If the US and its NATO allies aim to ‘defeat’ Russia, how will this be achieved against a country with 1,500 strategic nuclear weapons and more than 4,000 other strategic nuclear warheads in various states of reserve? And what would a defeated Russia look like? A Weimar Germany angrily looking for revenge? Such imponderables by themselves should leave us deeply concerned.

Can we conceive of other outcomes under a new Russian leadership if Putin were to be overthrown? My own view here is that any such new Russian leadership is more likely to be Putin Mark 2 than some form of Western democrat with all that means for a peaceful outcome.

Finally, we need to address the issue of whether the weaknesses of Russia’s military performance have had an impact on the attitude of China’s President Xi Jinping towards going to war against Taiwan. One would hope that Xi Jinping would understand what a poor military performance his Russian ‘friend for life,’ President Putin, has shown to the world.

Xi needs to understand that some of the inherent weaknesses in the Russian military establishment are also deeply reflected in the DNA of China’s People’s Liberation Army. They include: the distrust by authoritarian leaders in both Russia and China of delegating tactical battlefield decisions to NCOs; the corruption in both countries of their logistics supply and defence industry. Moreover, invading Taiwan across the 200 kms of the Straits of Taiwan is an infinitely greater military challenge than walking across Ukraine’s border with Russia.

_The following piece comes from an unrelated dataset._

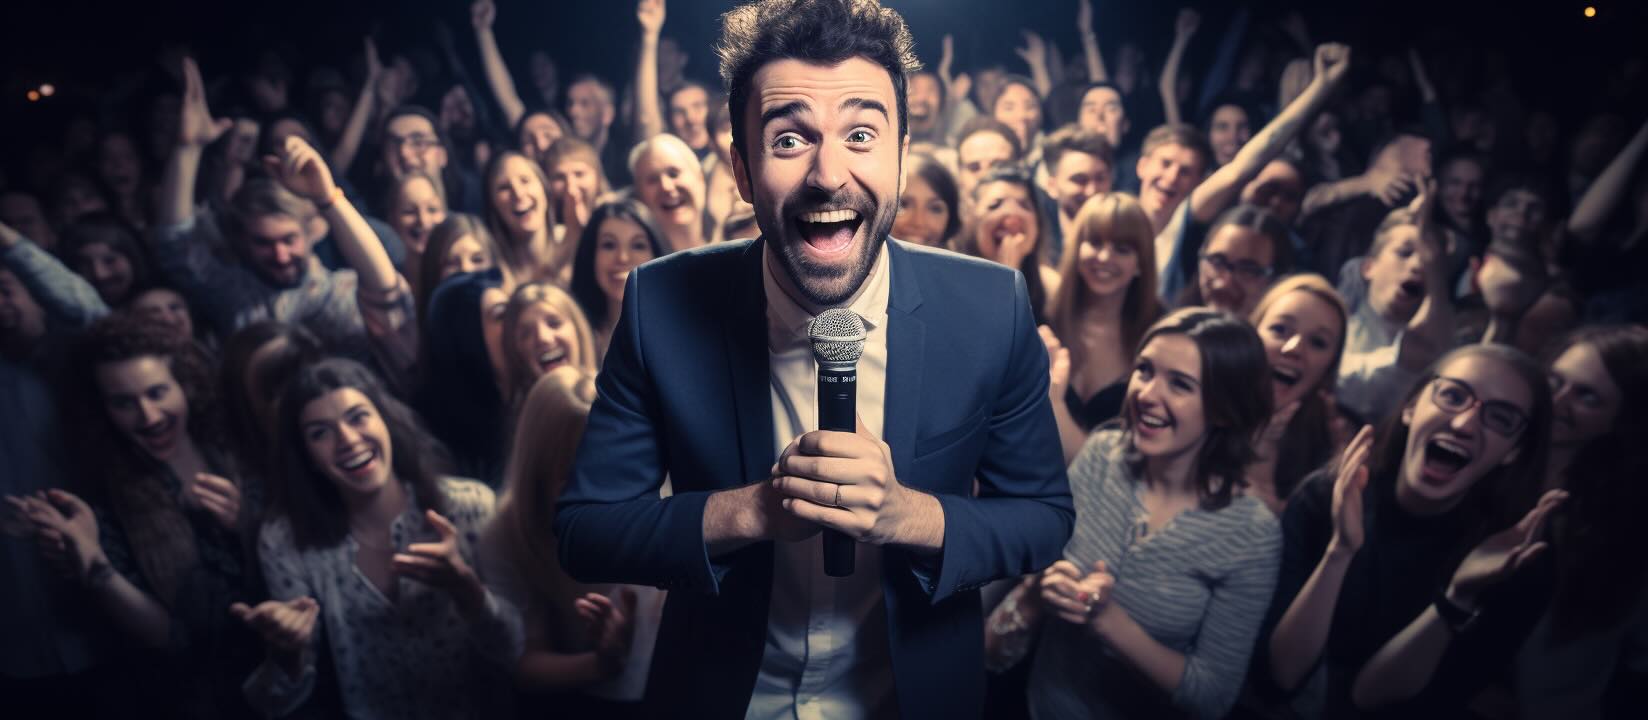 How Social Impact of Comedy Shows

Authoritarian leaderships in both China and Russia are typified by deep-seated despotism and pervasive corruption that saps the fighting strength of their armed forces. Most recently, President Xi has sacked several senior generals, including in the strategic nuclear rocket forces, for corruption. For more than 44 years, China has had absolutely no experience of actual military combat. And Xi needs to consider the clear risk in any serious military conflict between America and China over Taiwan that there is a clear and present danger of devastating escalation to the use of nuclear weapons.

This article was published by The Strategist.